該算法基本上是上述過程的綜合。首先定義初始狀態 $s_0$ ，然後定義增強狀態，aug_dynamics，該狀態包括 $f(z(t),t,\theta)$ ， ${a(t)}^T \frac{\partial f}{\partial z}$ 和 ${a(t)}^T \frac{\partial f}{\partial \theta}$ 的vector-Jacobian products（通過自動微分工具得到）。然後通過 ODE solver 求解前一時刻的隱層狀態，敏感狀態，和梯度。注意，這些都是合併起來的向量形式（算子形式的張量？）。最後，返回敏感狀態(用以下一時刻計算敏感狀態)和梯度（用以更新參數 $\theta$ ）。

Replacing residual networks with ODEs

將ResNets 換成 ODEs

Software: To solve ODE initial value problems numerically, we use the implicit Adams method implemented in LSODE and VODE and interfaced through the scipy.integrate package. Being an implicit method, it has better guarantees than explicit methods such as Runge-Kutta but requires solving a nonlinear optimization problem at every step.This setup makes direct backpropagation through the integrator difficult.

軟件實現： 爲了求解 ODE 的數值解，作者使用 Adams （一種梯度優化方法）方法實現了 LSODE 和 VODE 的scipy.integrate 接口。作爲一種隱式方法，它比顯式方法有較好的保證，如 Runge-Kutta 需要在每一步求解非線性優化問題。這種設置使得直接使用積分器求解反向傳播是困難的。作者使用 Python 的自動微分方法實現了伴隨敏感方法，並使用 Tensorflow 在GPU上實現了隱層狀態的動態和求導（從Fortran ODE Solver 調用，從 Python autograd 中調用）。
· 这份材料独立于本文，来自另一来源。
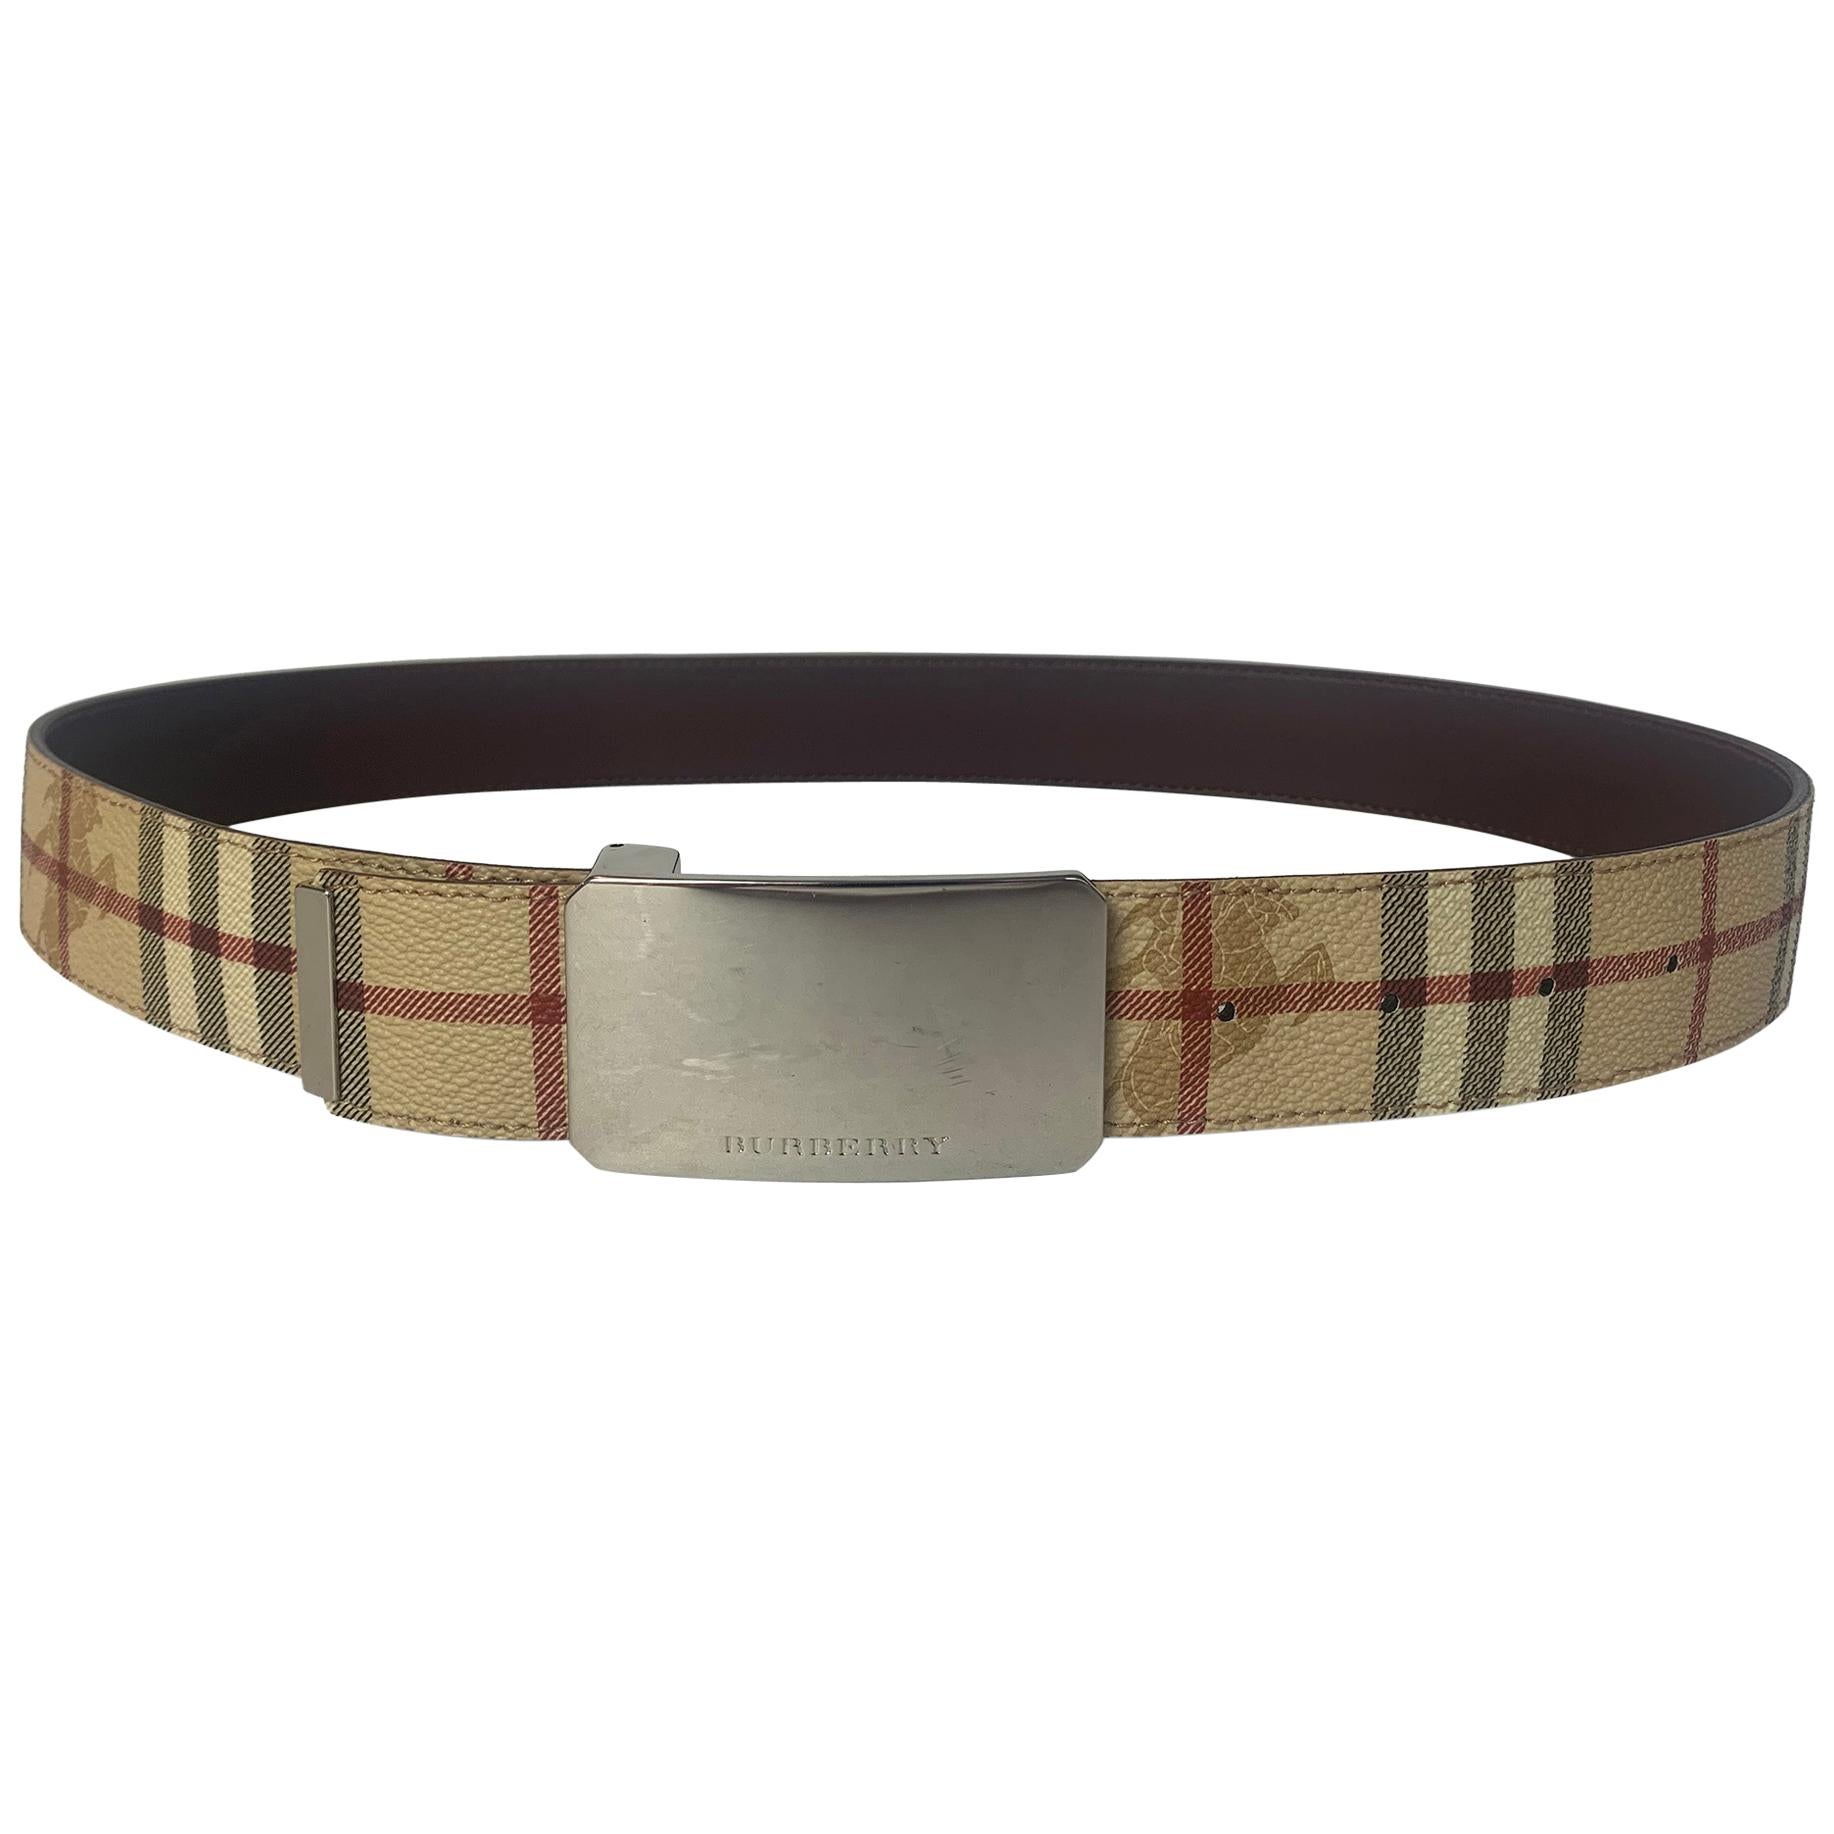 Burberry Plaid Check/Brown Leather Reversible Belt sz 30.5"-34.75"

Model Architectures: We experiment with a small residual network which downsamples the input twice then applies 6 standard residual blocks He et al. (2016b), which are replaced by an ODESolve module in the ODE-Net variant. We also test a network with the same architecture but where gradients are backpropagated directly through a Runge-Kutta integrator, referred to as RK-Net.
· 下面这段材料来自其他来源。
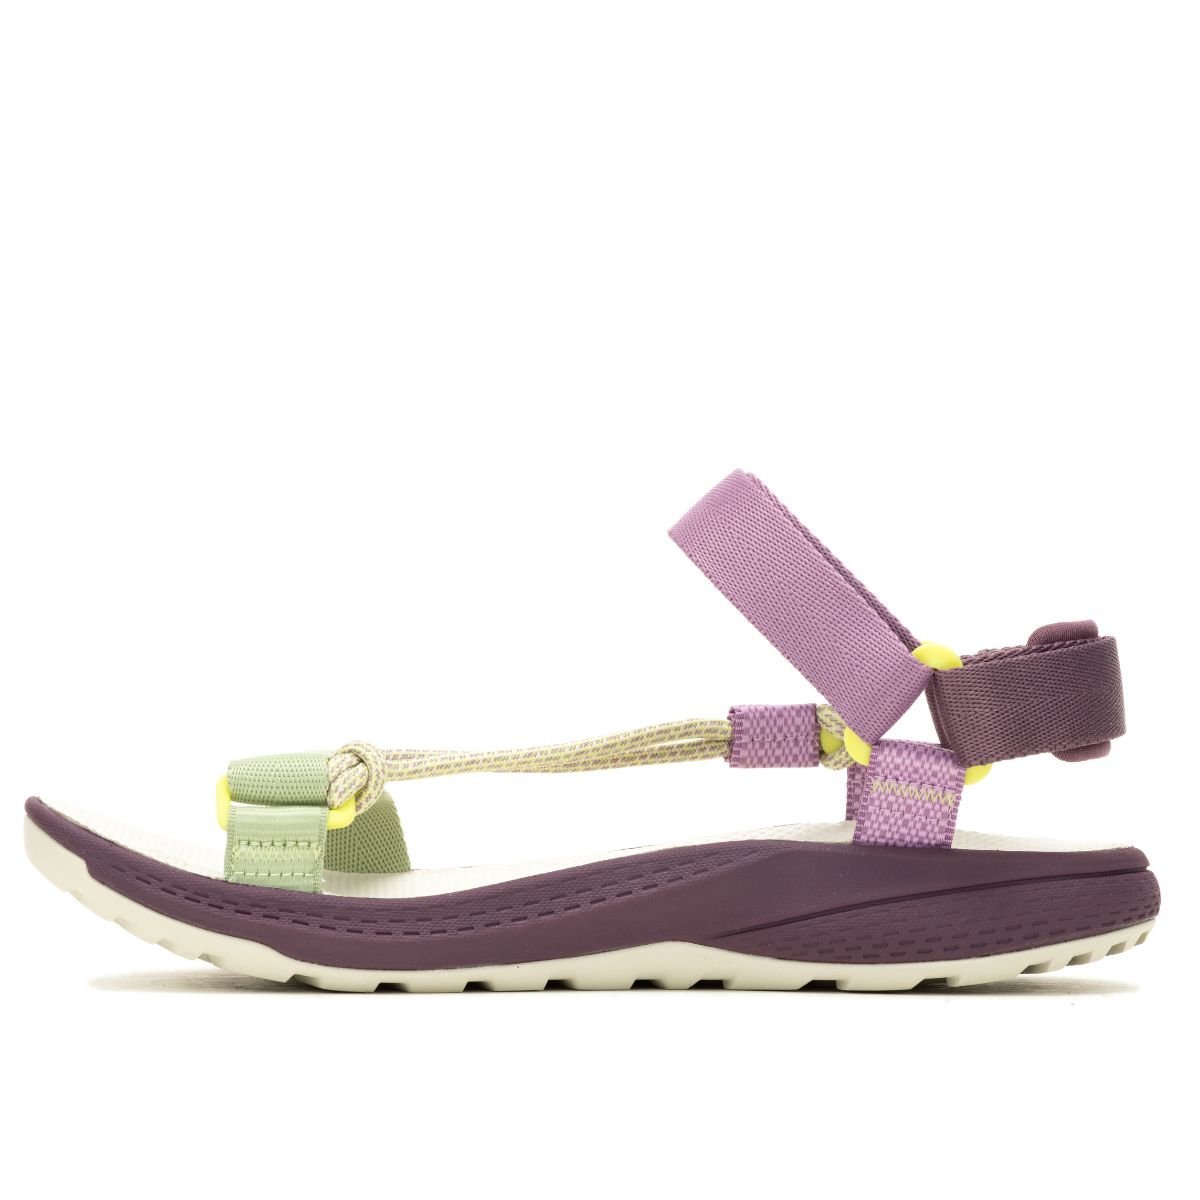 Topánky Merrell Bravada 2 Multi Strap W - purple
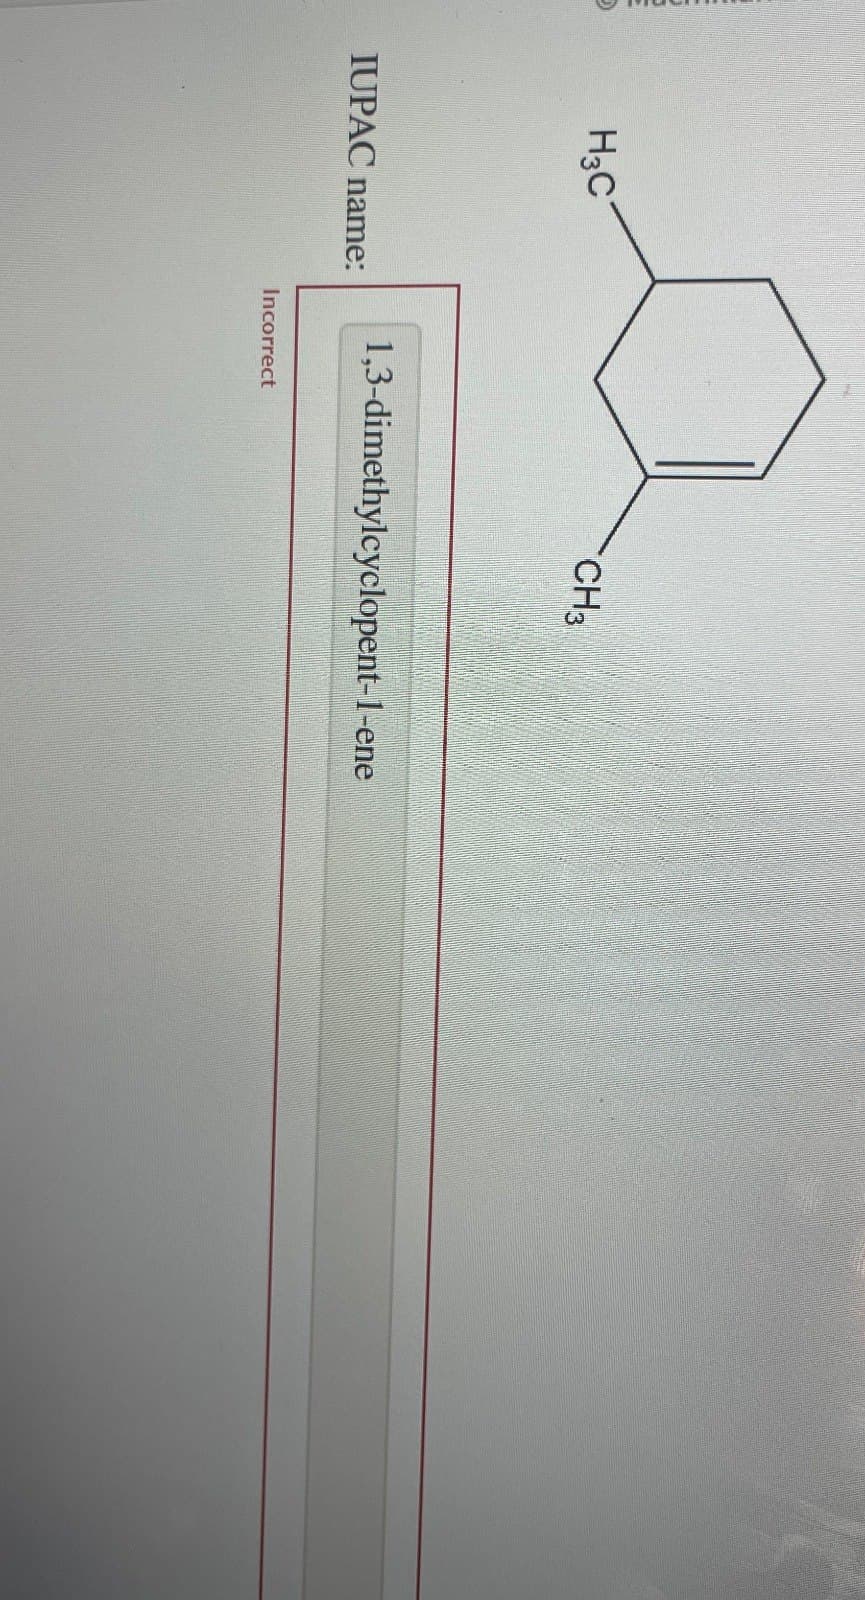 H3C
CH3
IUPAC name:
1,3-dimethylcyclopent-1-ene
Incorrect

論文中用兩個降採樣和6個殘差塊的小型 ResNet 進行了實驗，將殘差塊替換爲ODESolve 模塊就變成了 ODE-Net 變體。作者還使用相同的架構測試了使用 Runge-Kutta 積分器來反向傳播梯度的 RK-Net。

代碼實現

首先看整體網絡結構：

feature_layers = [ODEBlock(ODEfunc(64))] if is_odenet else [ResBlock(64, 64) for _ in range(6)]

其中,ODEfunc 定義爲：

class ODEfunc(nn.Module):

    def __init__(self, dim):
        super(ODEfunc, self).__init__()
        self.norm1 = norm(dim)
        self.relu = nn.ReLU(inplace=True)
        self.conv1 = ConcatConv2d(dim, dim, 3, 1, 1)
        self.norm2 = norm(dim)
        self.conv2 = ConcatConv2d(dim, dim, 3, 1, 1)
        self.norm3 = norm(dim)
        self.nfe = 0 # number of forward ?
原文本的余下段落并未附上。